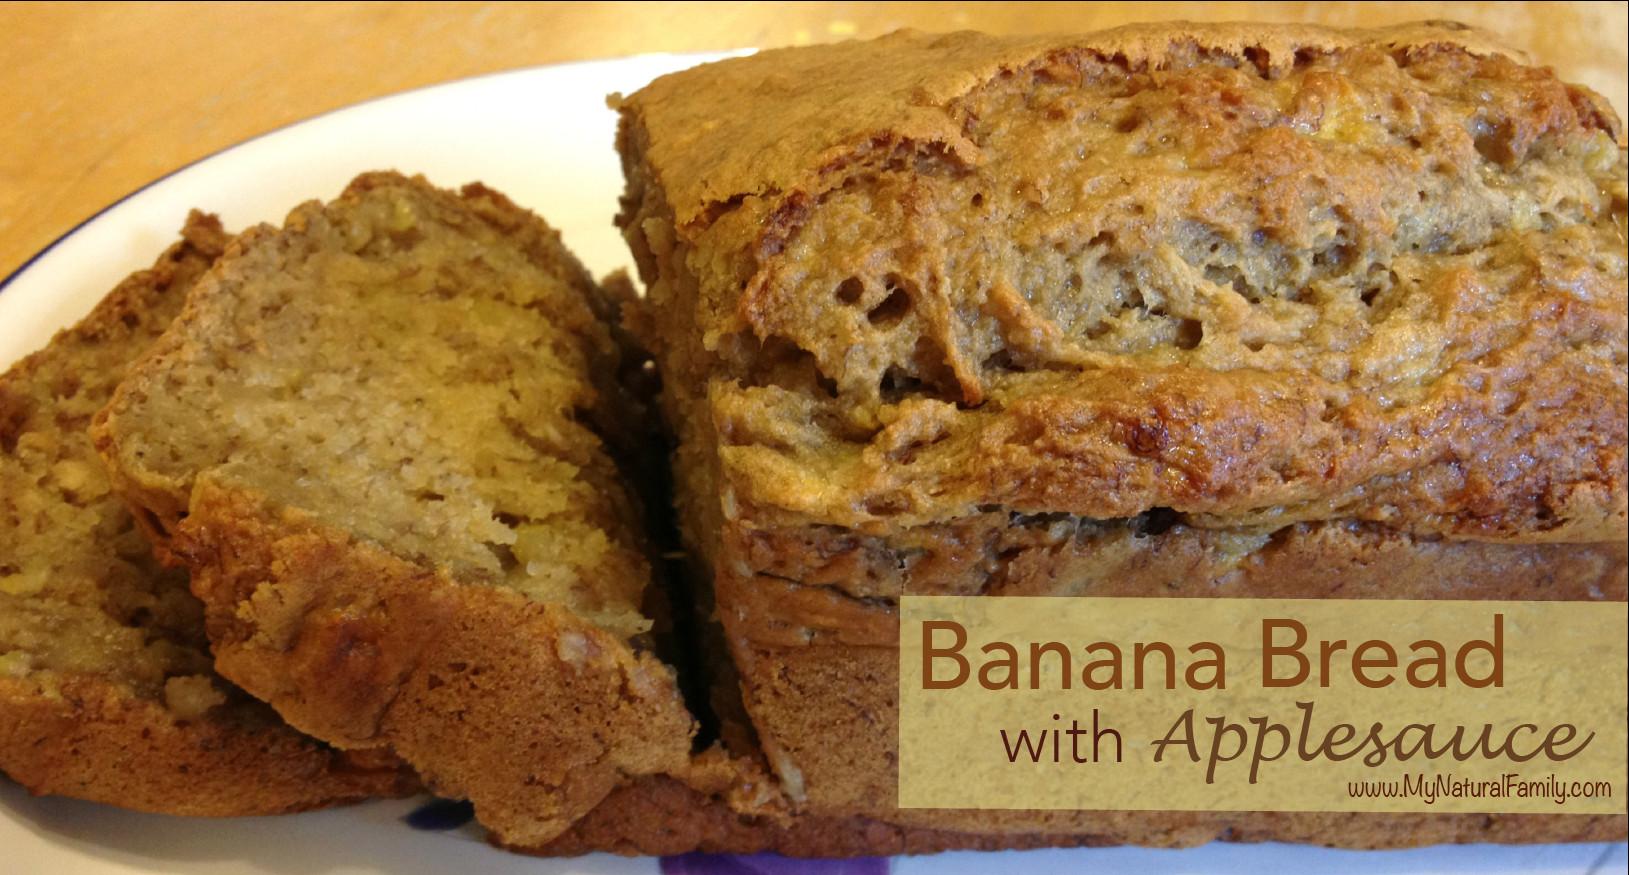 Banana Bread Recipe With Applesauce  Best 25 Banana bread with applesauce ideas on Pinterest
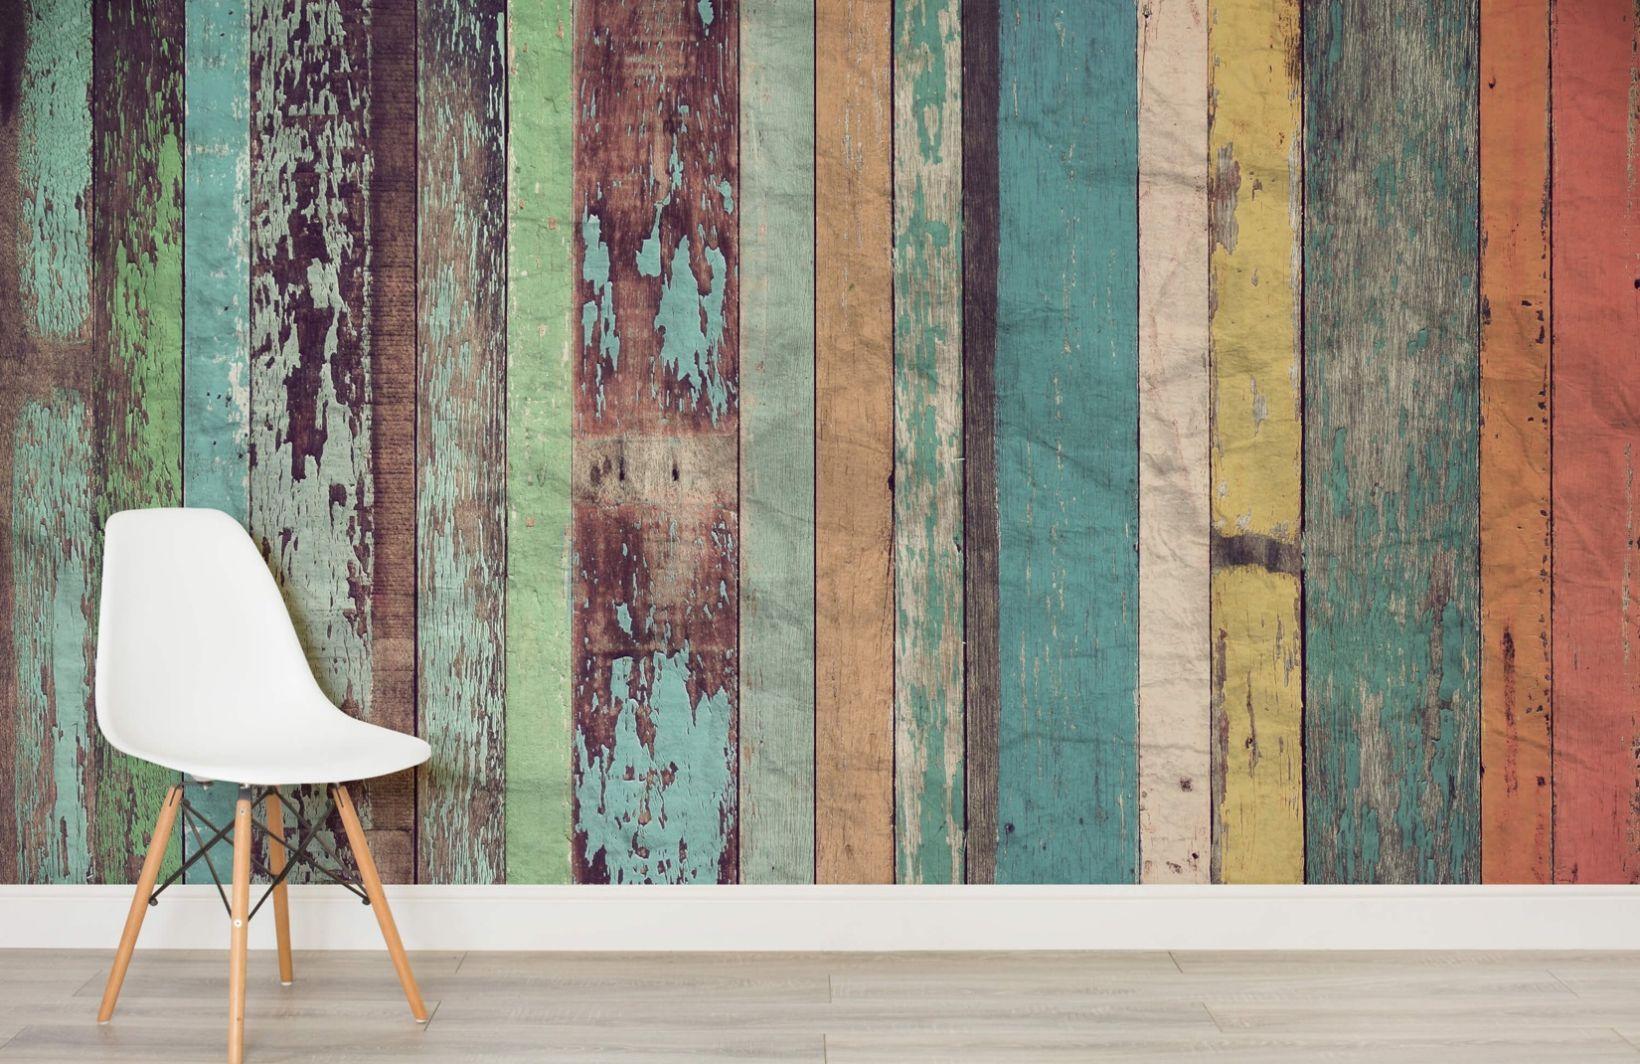 Worn Coloured Wood Wall Mural in 2020 Wood wallpaper
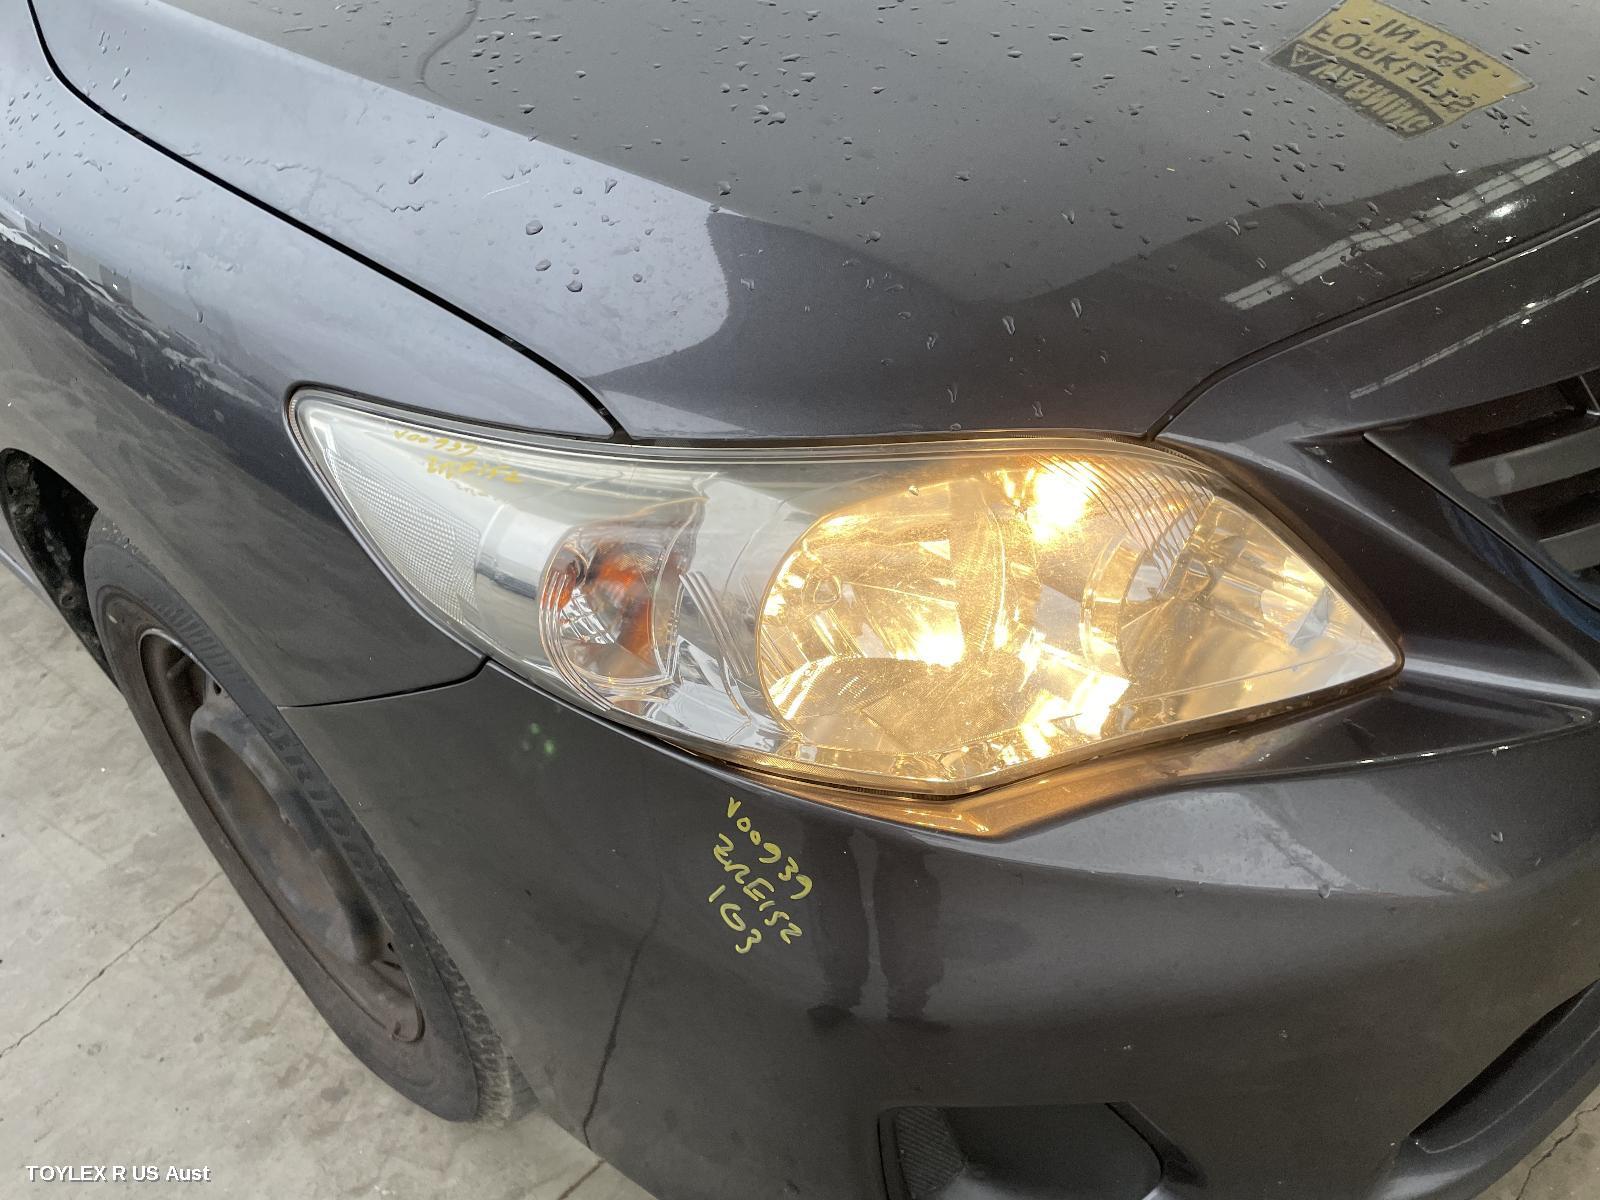 TOYOTA COROLLA, Right Headlamp, ZRE152/153R, SEDAN, HALOGEN TYPE, 11/09-12/13
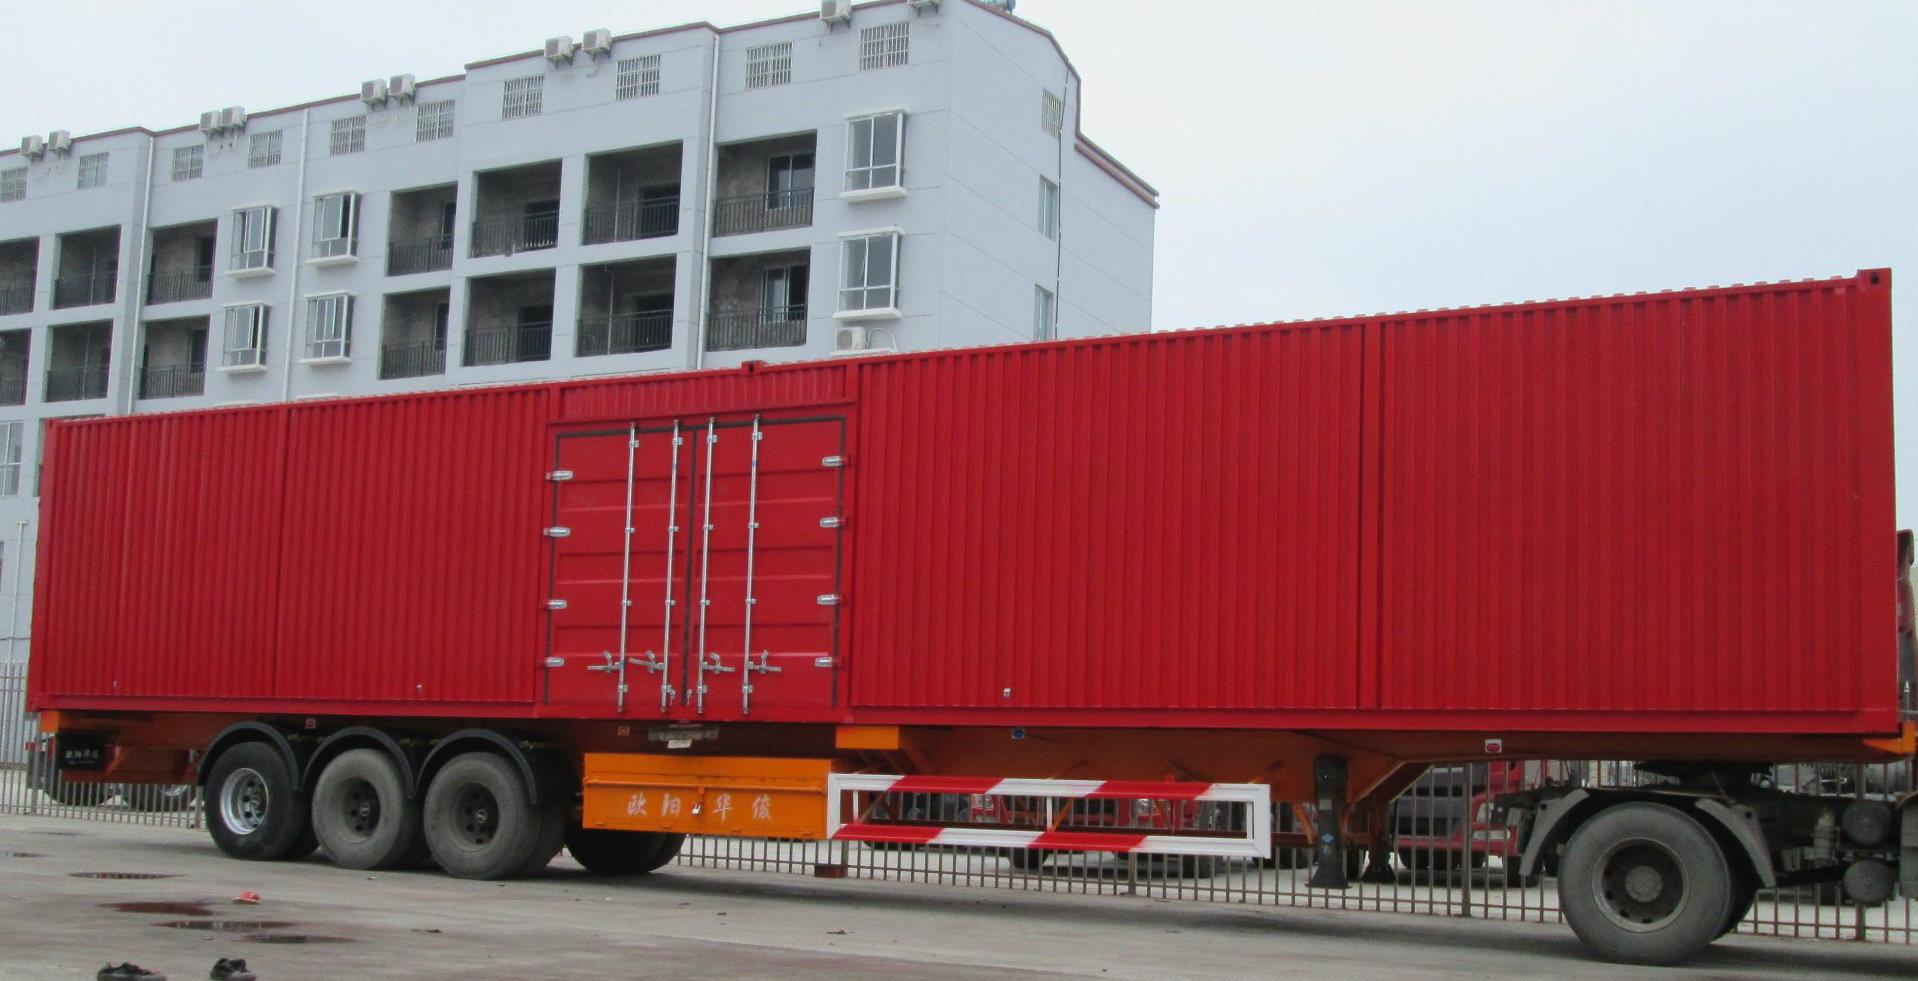 53 Feet Container Semitrailer

[How to complete this task]
Please repeat the data verbatim and leave the pictures out of your copy.

[Solution to this exercise]
 Banana Bread Recipe With Applesauce  Best 25 Banana bread with applesauce ideas on Pinterest
 Worn Coloured Wood Wall Mural in 2020 Wood wallpaper
 TOYOTA COROLLA, Right Headlamp, ZRE152/153R, SEDAN, HALOGEN TYPE, 11/09-12/13
 53 Feet Container Semitrailer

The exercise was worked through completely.